Sometimes this conversation changes everything. Sometimes they realize that they actually cannot afford to cut security spending. They just need to spend more effectively.
Our “Good Enough” Framework
But sometimes budget cuts are real and non-negotiable. Sales have fallen. Growth forecasts have changed. The board has made a decision and that's that.
When that happens, we help customers build “good enough” security. Not perfect. Not enterprise-level everywhere. But thoughtfully designed to handle the most likely threats they will actually encounter.
Find out what you really protect. Not everything in your environment needs Fort Knox-level security. The test database with fake customer data? It probably doesn't need the same protection as your production payment processing system.
Know your threat landscape. Are you really worried about nation-state actors? Or is your greater risk disgruntled employees and opportunistic cybercriminals? Different threats require different defenses, and you can save a lot by being realistic about who is actually targeting you.
Build in layers, but build smart. You don't need seven different security tools. But you do need multiple ways to detect and respond when something goes wrong. Network monitoring. Endpoint protection. User behavior analytics. Choose the three things that give you the best coverage for your specific environment.
The key figures that really matter
Here's something that drives us crazy: companies that measure security success by how much they spend.
“We've increased our security budget by 30% this year!” Okay... so what? Are you actually more secure? Or have you just bought more expensive tools?
The key figures we track with customers are different:
- Time until actual security incidents are detected (not just alerts)
- How quickly you can contain problems and recover from them
- Percentage of your attack surface that is actually monitored
- Employee security awareness (measured by phishing simulation results, not by training completion rates)
Because at the end of the day, the best security program is the one that prevents incidents. Not the one with the biggest budget or the fanciest dashboard.
Make the case for what you really need
We understand. Sometimes you know exactly what you need, but convincing management is the hard part.
The key is to translate security risks into business language. Not “we need better endpoint detection and response capabilities,” but rather “without this investment, we face a 40% chance of a business-disrupting incident in the next 18 months, based on what we see at similar companies in our industry.”

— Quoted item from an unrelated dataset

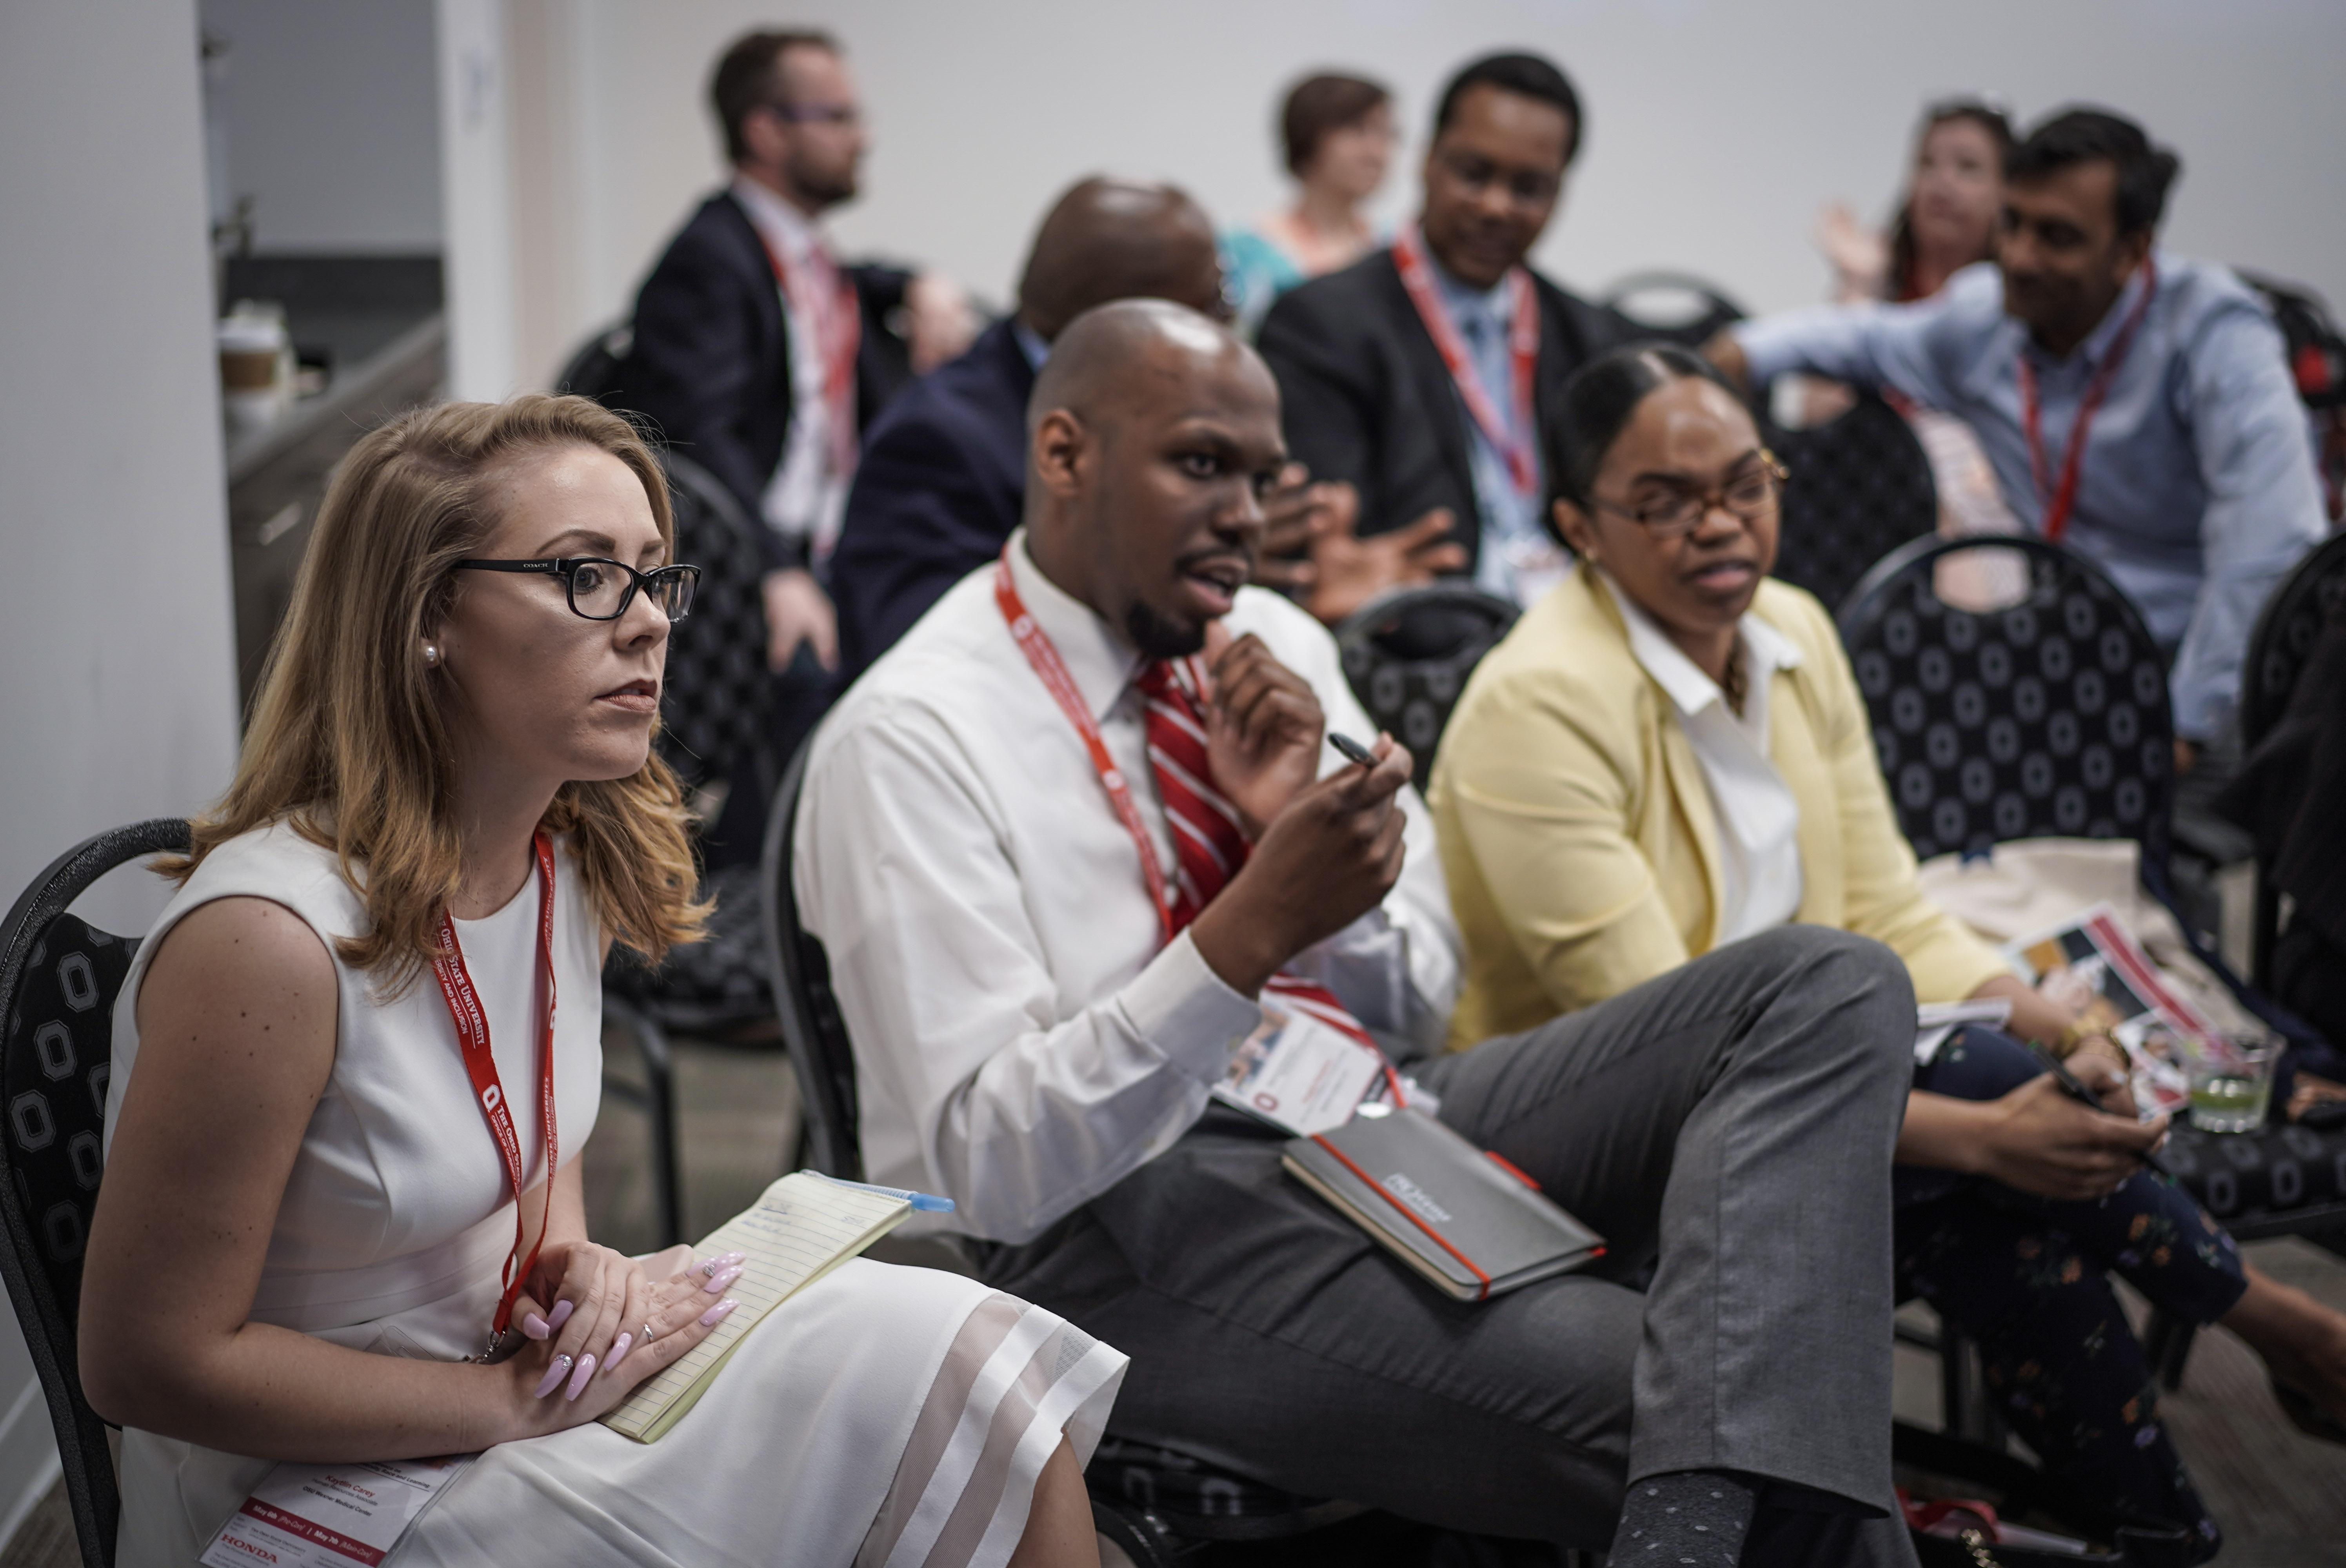 Participants listen to speaker

Show them the math. The cost of prevention versus the cost of dealing with an incident. Consider not only the direct costs (incident response, regulatory penalties, system recovery), but also the indirect costs (lost productivity, customer churn, delayed product launches).
In most cases, when management sees the actual figures, they realize that cutting security spending is actually the more expensive option.
The conclusion (because someone always asks)
Can you optimize security spending while remaining resilient? Absolutely.
Will it require some difficult decisions and creative thinking? Definitely.
Should you panic and cut everything when budgets are tight? No. That will only result in you spending much more money to deal with the inevitable incident.
The companies we work with that handle this well all do the same thing: they are very clear about what they are protecting, who they are protecting it from, and what “good enough” looks like for their specific situation.
Then they build security programs that fit their budget, not the other way around.
And honestly? Sometimes these “good enough” programs are more effective than the gold-plated solutions they replaced. Because they are designed for reality, not for a perfect world where budget constraints don't exist.
If you are having this conversation in your company right now... you are not alone. And it is definitely solvable. Just don't try to solve it by pretending the threats aren't real.